Ruling strips parental rights, appeal forthcoming
The issue is emancipation, the age at which children can make their own decisions independent of a parent’s consent. The case involves Annmarie Calgaro whose son was secretly administered transgender hormones at age 17 with several agencies, including his school, directing his course. Attorney Erick G. Kaardal of the Thomas More Society took the case to federal court because of confusing state law.
Minnesota has laws establishing procedures to terminating parental rights in many areas. Kaardal says Calgaro’s parental rights were terminated without those procedures.

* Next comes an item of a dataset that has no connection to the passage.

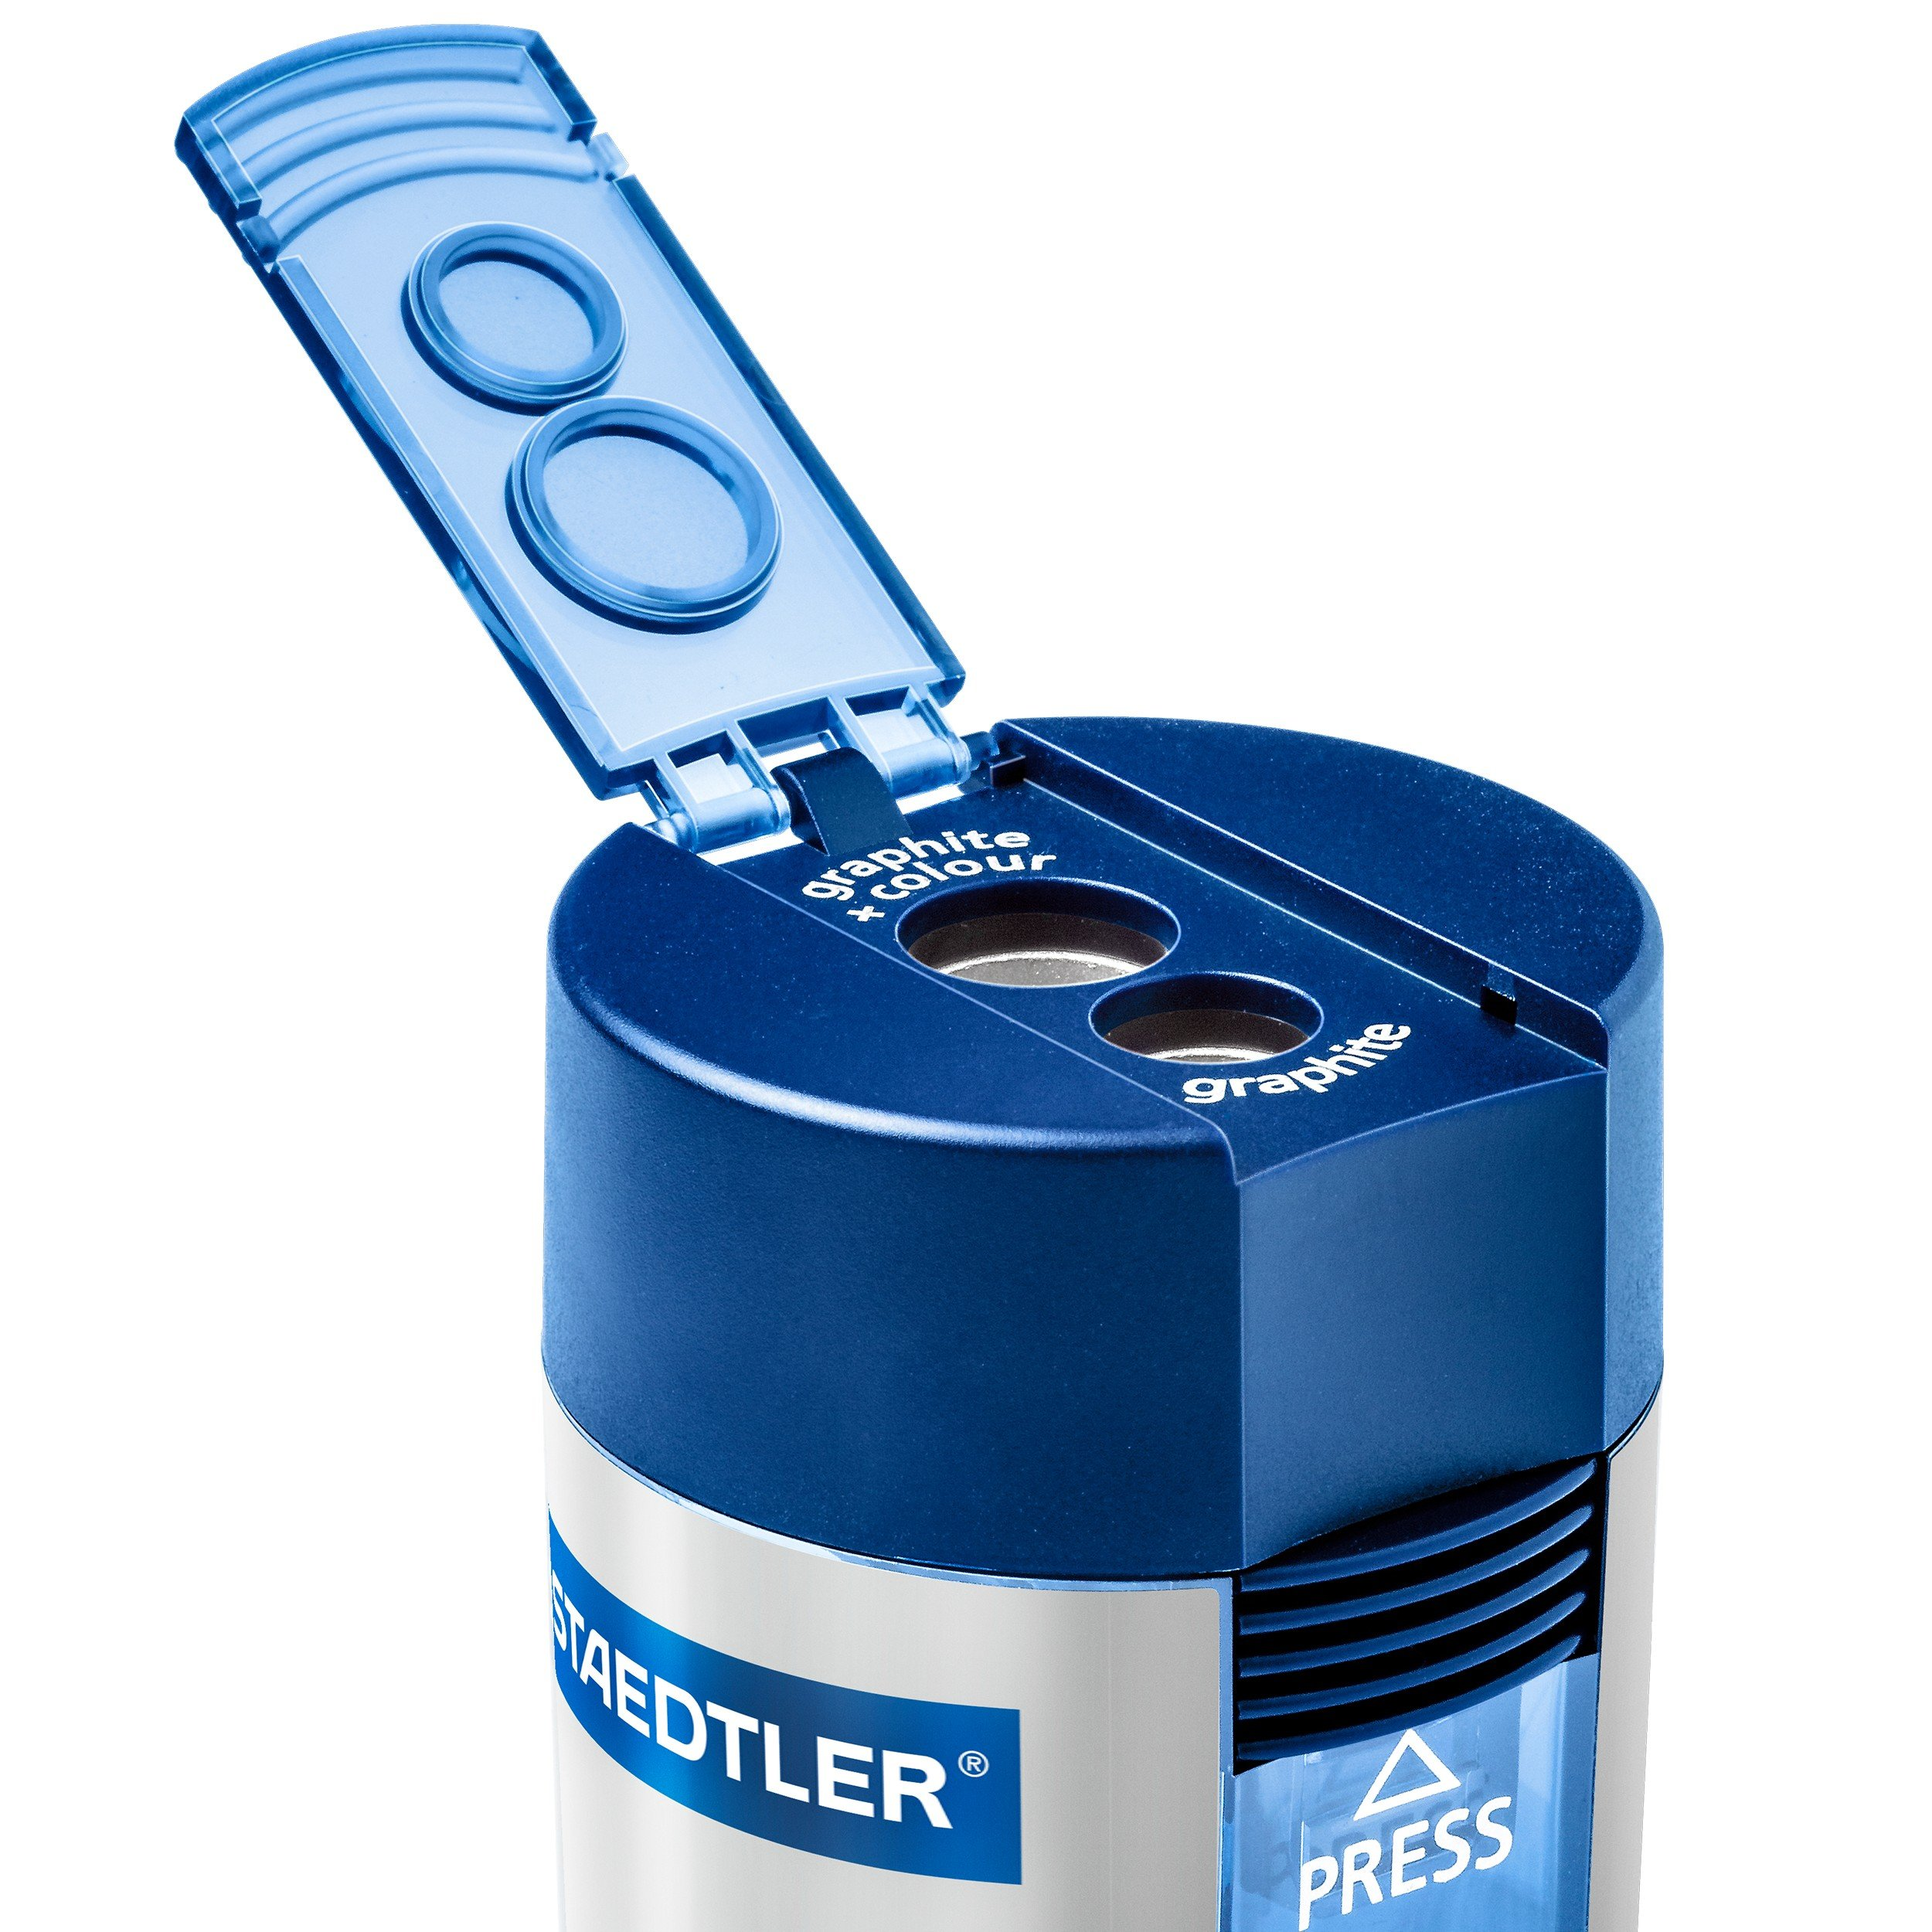 Staedtler 512 001 ST Double-hole Tub Pencil Sharpener by Staedtler (Image #2)

“The administrative agencies here were terminating parental rights in the areas of medical services, education, and county benefits without an opportunity for the parent to be heard,” Kaardal tells OneNewsNow.

Rather than seizing the opportunity and clarifying laws to establish firm parental rights, the federal court dismissed the lawsuit. Kaardal says it’s an extremely important case so an appeal is in the works to the Eighth U.S. Circuit Court of Appeals.

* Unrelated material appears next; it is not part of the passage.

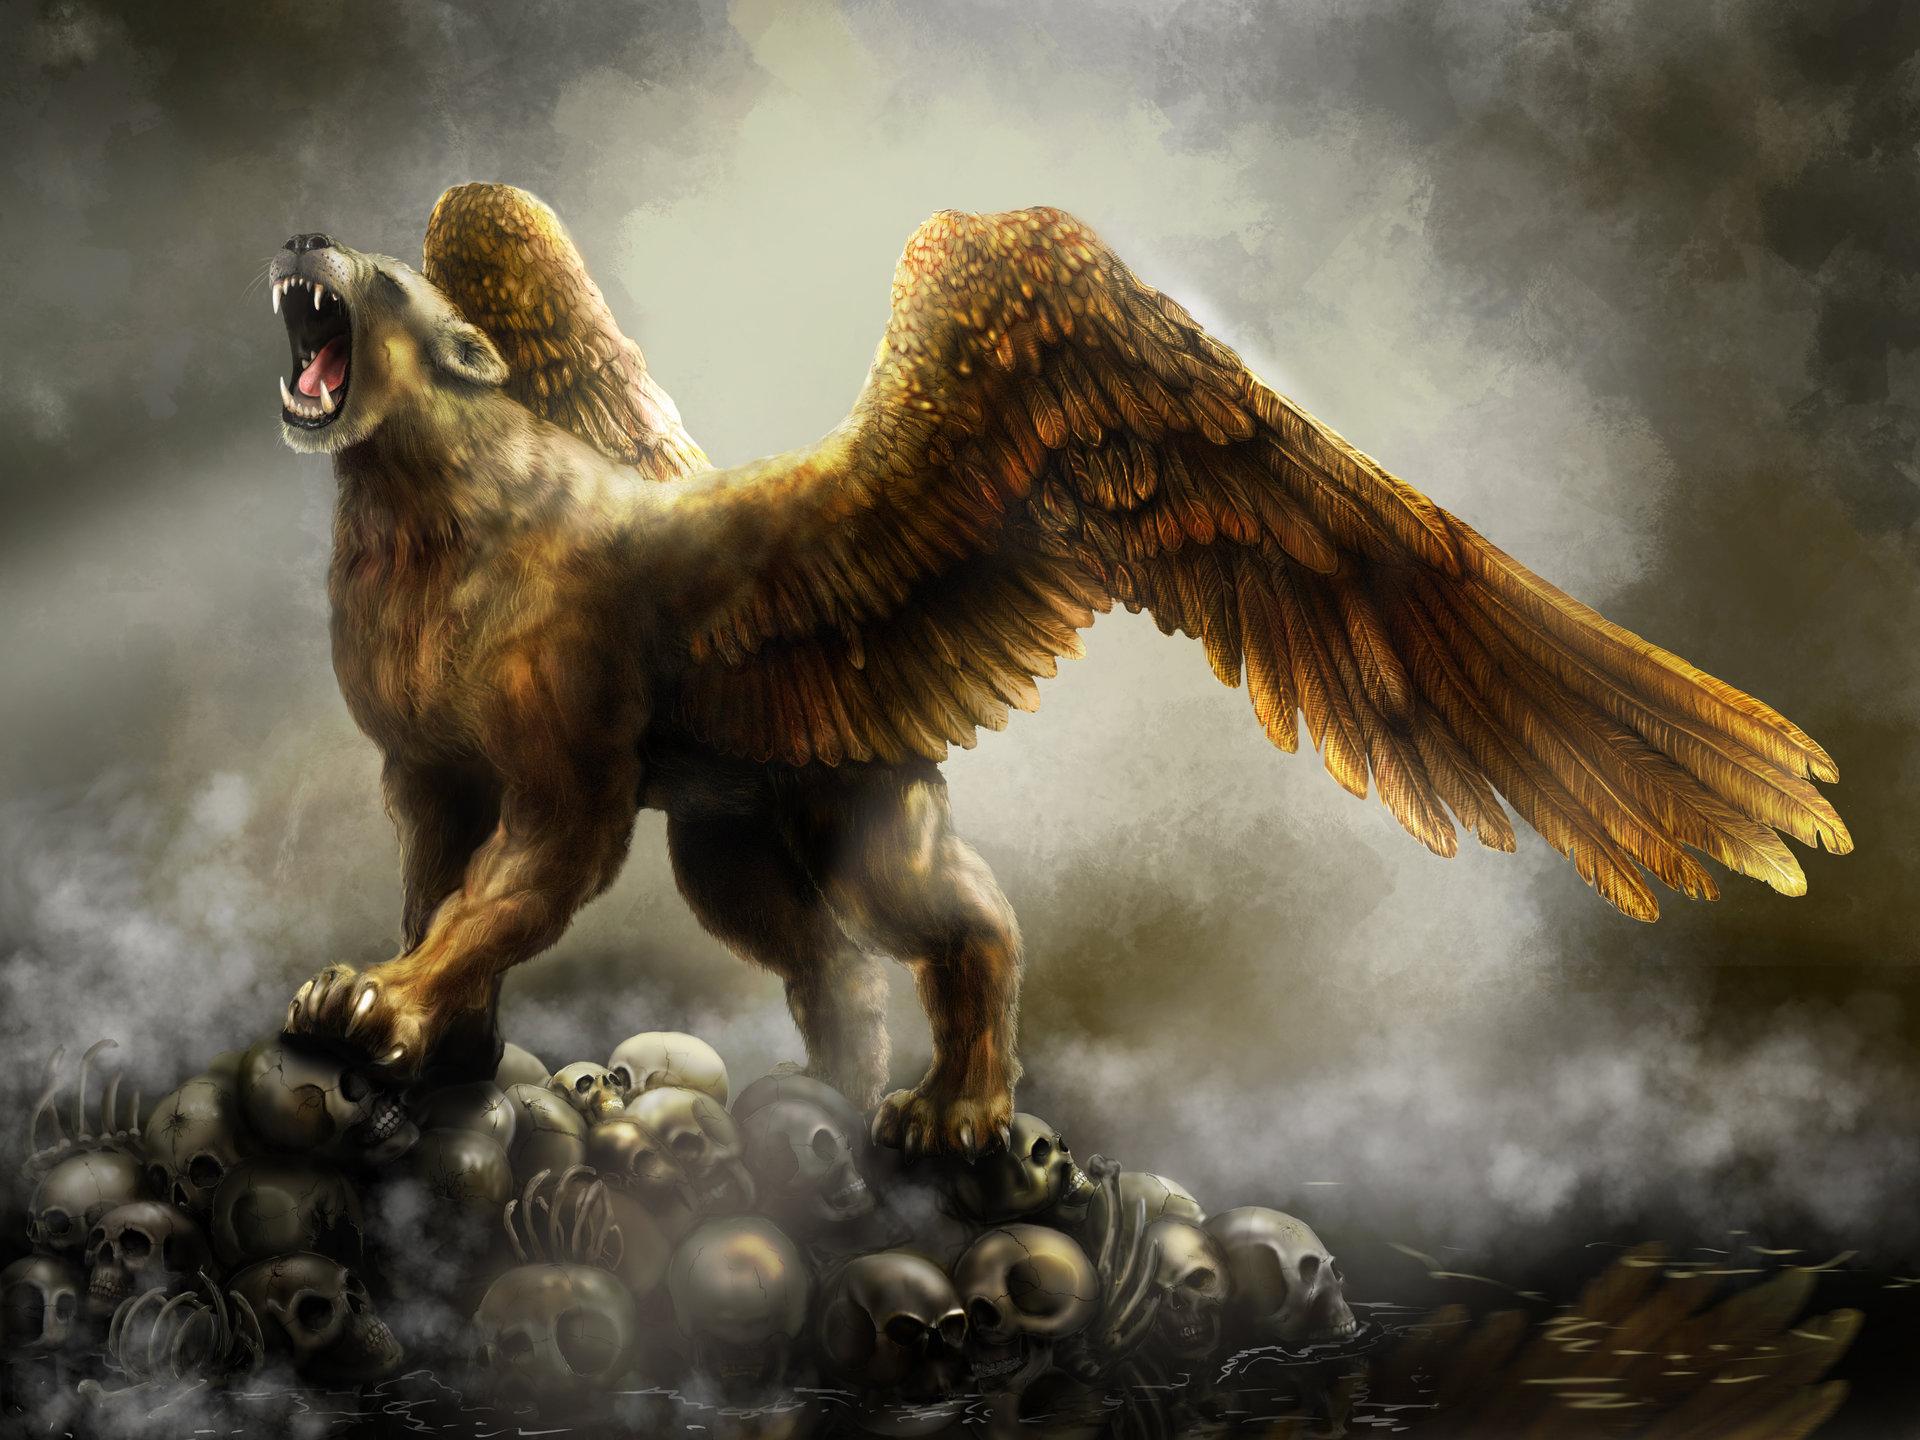 картинки львов с крыльями стараюсь

“We don’t like to see wasted opportunities in the federal courts when it comes to parental rights,” the attorney says. “Parental rights are such an important and fundamental building block in society that, when we see them trampled on in a careless and negligent way, it makes us very, very unhappy.”
A favorable decision in the Eighth Circuit would not only establish parental rights for the mother in this case, but for all parents in states under the jurisdiction of that court – which includes Arkansas, Iowa, Minnesota, North and South Dakota, Missouri, and Nebraska.